## TASK DIRECTIONS
Look through the data below and extract, unchanged, the lines from the one that contains "Estimated retail price" to the one that contains "USB Powered Insignia", both included.

## THE INPUT
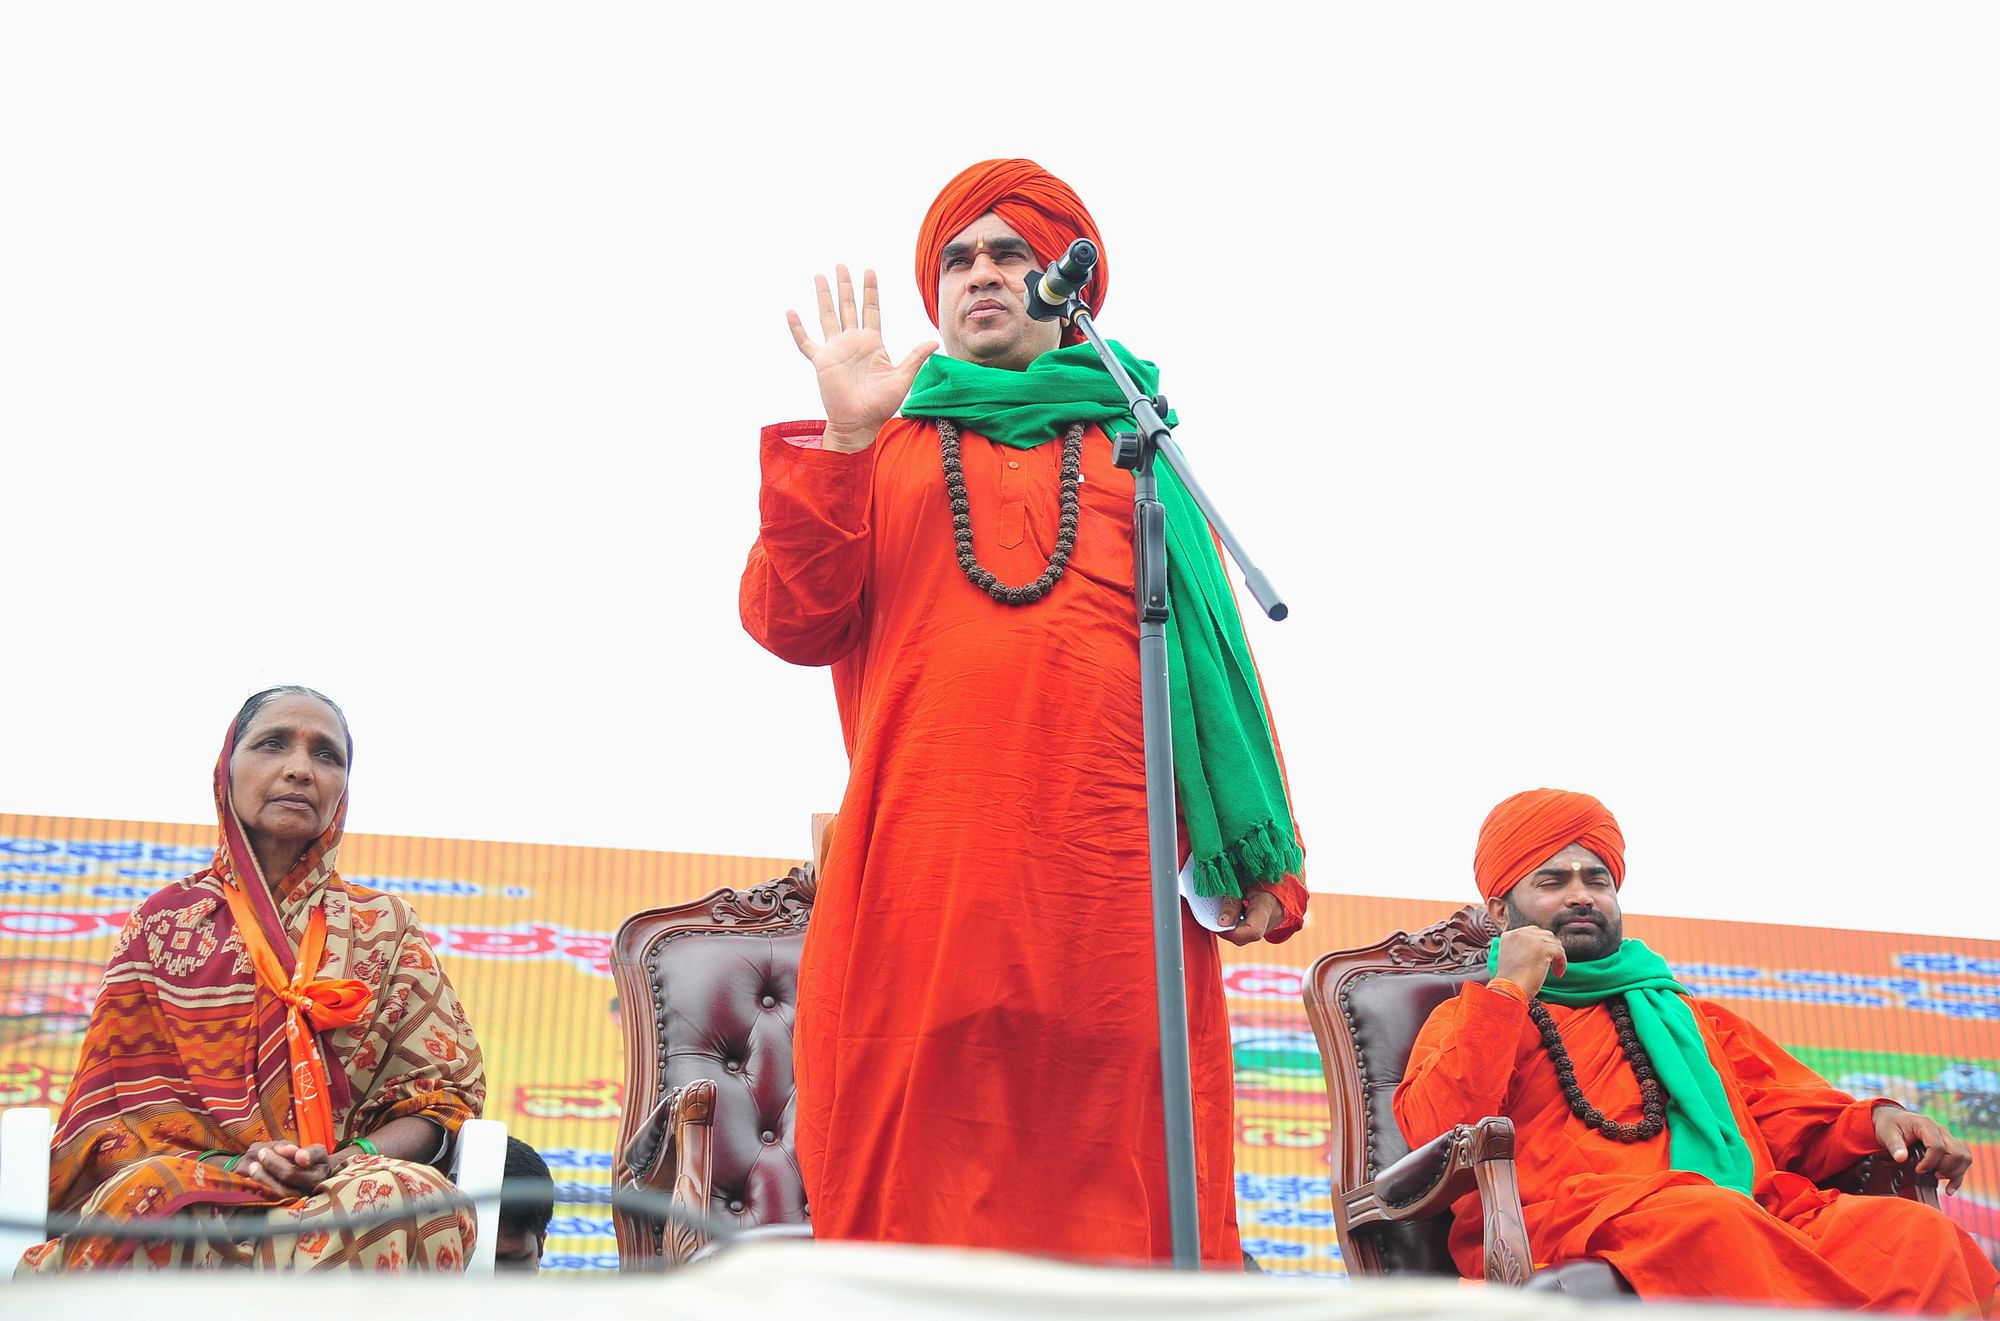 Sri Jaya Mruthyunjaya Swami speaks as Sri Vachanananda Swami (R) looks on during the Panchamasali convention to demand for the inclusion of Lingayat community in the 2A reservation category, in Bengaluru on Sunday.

---

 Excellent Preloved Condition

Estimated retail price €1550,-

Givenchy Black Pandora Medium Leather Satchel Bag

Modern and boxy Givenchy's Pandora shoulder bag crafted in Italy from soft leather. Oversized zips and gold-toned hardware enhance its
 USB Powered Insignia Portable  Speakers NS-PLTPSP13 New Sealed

## EXERCISE OUTPUT
Estimated retail price €1550,-

Givenchy Black Pandora Medium Leather Satchel Bag

Modern and boxy Givenchy's Pandora shoulder bag crafted in Italy from soft leather. Oversized zips and gold-toned hardware enhance its
 USB Powered Insignia Portable  Speakers NS-PLTPSP13 New Sealed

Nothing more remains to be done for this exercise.